-
Notifications
You must be signed in to change notification settings - Fork 5
Description
Summary
During our migration of OntoMathPRO v8 to Neo4j graph database, we identified 32 data quality issues:
- 23 cyclic rdfs:subClassOf relationships (causing circular hierarchies)
- 9 orphan nodes (missing parent relationships)
Impact: These issues prevent direct DAG (Directed Acyclic Graph) implementation, which is essential for graph databases and ontology reasoning systems.
Issue #1: Cyclic rdfs:subClassOf Relationships (23 cycles)
Severity
HIGH - Prevents proper hierarchy traversal and reasoning
Description
Cycles occur when rdfs:subClassOf relationships form circular paths, violating the DAG property required for proper ontology hierarchies.
Example cycle:
- A rdfs:subClassOf B
- B rdfs:subClassOf C
- C rdfs:subClassOf A ← Cycle!
Detected Major Cycles
-
E34 Cycle (Length: 5)
- Path: E34 → E1660 → E4830 → E5122 → E6214 → E34
- Concepts: Mathematical knowledge object chain
-
E2844 Cycle (Length: 3)
- Path: E2844 → E1660 → E34 → E2844
- Concepts: Element of mathematical analysis chain
-
Matrix Cycle (Length: 4)
- Path: MatrixOperation → SquareMatrix → DiagonalMatrix → MatrixOperation
Plus 20 more cycles (mostly 2-node bidirectional relationships)
Reproduction Steps
Using Protégé:
- Open `ontomathpro_v8.owl` in Protégé
- Select "Tools" → "Reasoner" → "HermiT"
- Run "Start Reasoner"
- Navigate to E34 class
- Expand "SubClass Of" hierarchy
- Observe circular reference
Using Neo4j Cypher (after import):
```cypher
MATCH path = (n:ObjectType)-[:GENERALIZES*]->(n)
RETURN [node in nodes(path) | node.name] as cycle_path,
length(path) as cycle_length
ORDER BY cycle_length DESC
```
Recommended Fix
For the E34 cycle specifically, we recommend removing E34 → E1660 relationship:
Rationale:
- "Mathematical knowledge object" (E34) should NOT be subclass of "Value" (E1660)

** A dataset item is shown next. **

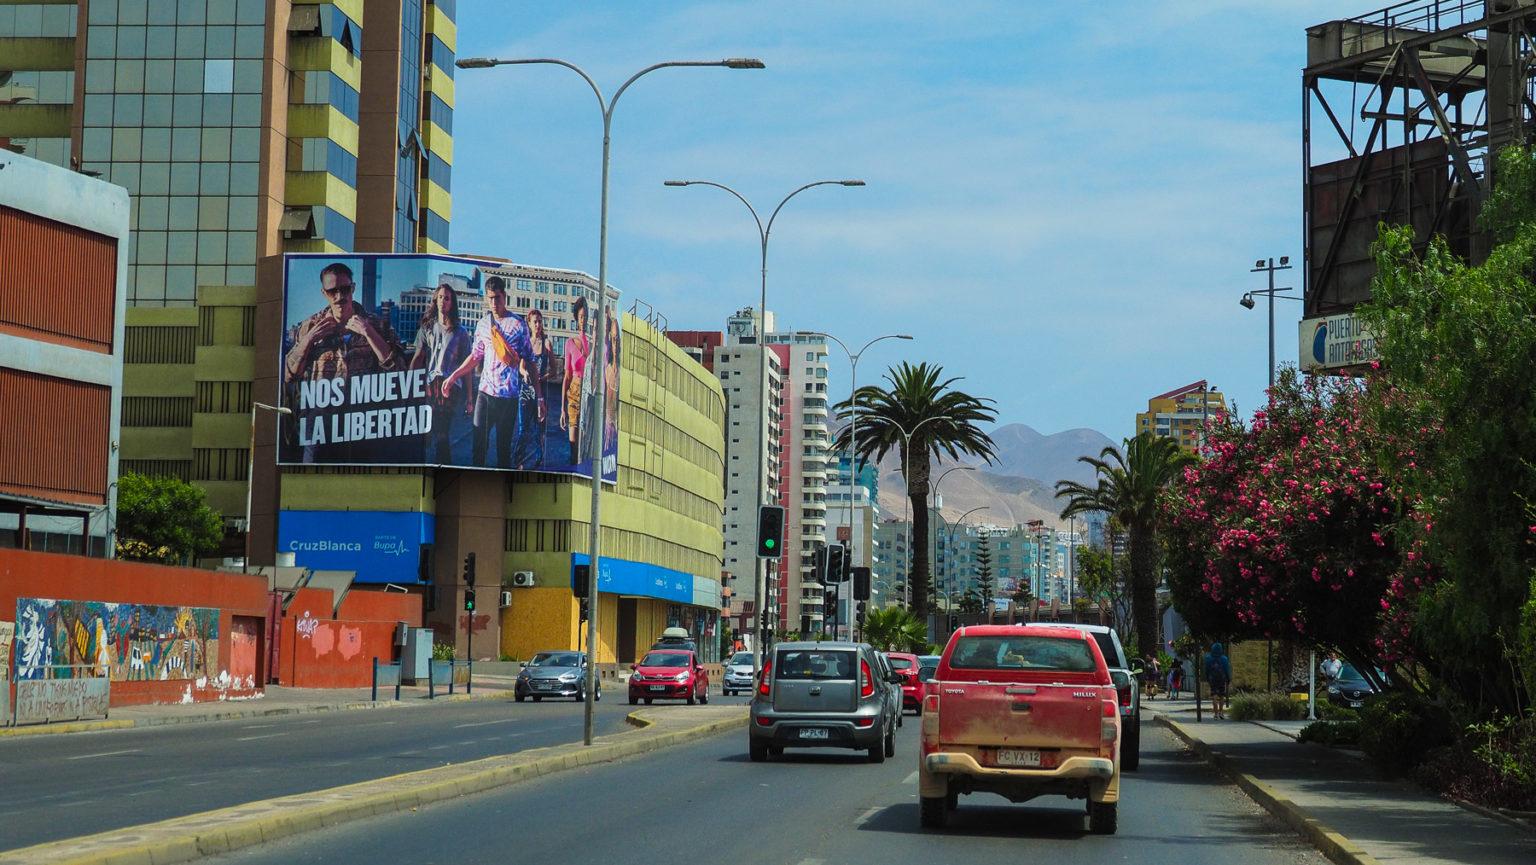 Nos mueve a Libertad – Das Motto der Unruhen in Chile

- Counter-examples: Theorem, Operator, Formula are not values
- Keeping E1660 → E34 (Value is-a Mathematical knowledge object) is semantically correct
General approach:
- Analyze semantic correctness of each rdfs:subClassOf in the cycle
- Remove the weakest relationship (least semantically justified)
- Re-validate hierarchy
Issue #2: Orphan Nodes (9 nodes)
Severity
MEDIUM - Reduces hierarchy completeness
Description
9 nodes have no parent relationships due to encoding/naming mismatches in the OWL file.
Detected Orphans
Emden-Fowler Family (5 nodes):
- `Emden–FowlerEquation` (expected parent: E1897)
- `Emden–FowlerTypeEquation`
- `EmdenEquation`
- `Thomas–FermiEquation`
- `Euler–Poisson–DarbouxEquation`
Root Cause: Encoding mismatch (`â` vs `-`)
ElementMatrices Family (4 nodes):
- `ElementMatriсesTheory` (Cyrillic 'с')
- `DeterminantMatrix`
- `MatrixOperation`
- `TraceMatrix`
Root Cause: Cyrillic character in parent name (`с` instead of `c`)
Recommended Fix
- Normalize encoding: Convert all em-dashes to regular hyphens
- Fix Cyrillic characters: Replace Cyrillic 'с' with Latin 'c' in `ElementMatricesTheory`
- Add missing relationships:
```xml
<owl:Class rdf:about="EmdenEquation">
<rdfs:subClassOf rdf:resource="Emden-FowlerEquation"/>
</owl:Class>
```
Impact Analysis
Current State
- Total Classes: 4,052
- With cycles: 23 classes affected
- Orphaned: 9 classes
- Effective completeness: ~99.2%
Consequences
- ❌ Cannot be used in Neo4j without manual fixes
- ❌ Reasoners may produce incorrect inferences
- ❌ Hierarchy visualization tools fail
- ❌ SPARQL queries return incomplete results
Full Details
For complete analysis including all 23 cycles, reproduction scripts, and detailed recommendations, see our full report:
Repository: [Our internal analysis repository]
Report File: `palantir/docs/ontomathpro_issues_report.md`
Environment
- OntoMathPRO Version: v8 (`ontomathpro_v8.owl`)
- Detection Method: Neo4j graph database migration + Python OWL parsing
- Analysis Date: 2025-11-08
- Reporter: Math Ontology Migration Team
We're happy to provide additional details or collaborate on fixes. Thank you for maintaining this valuable resource!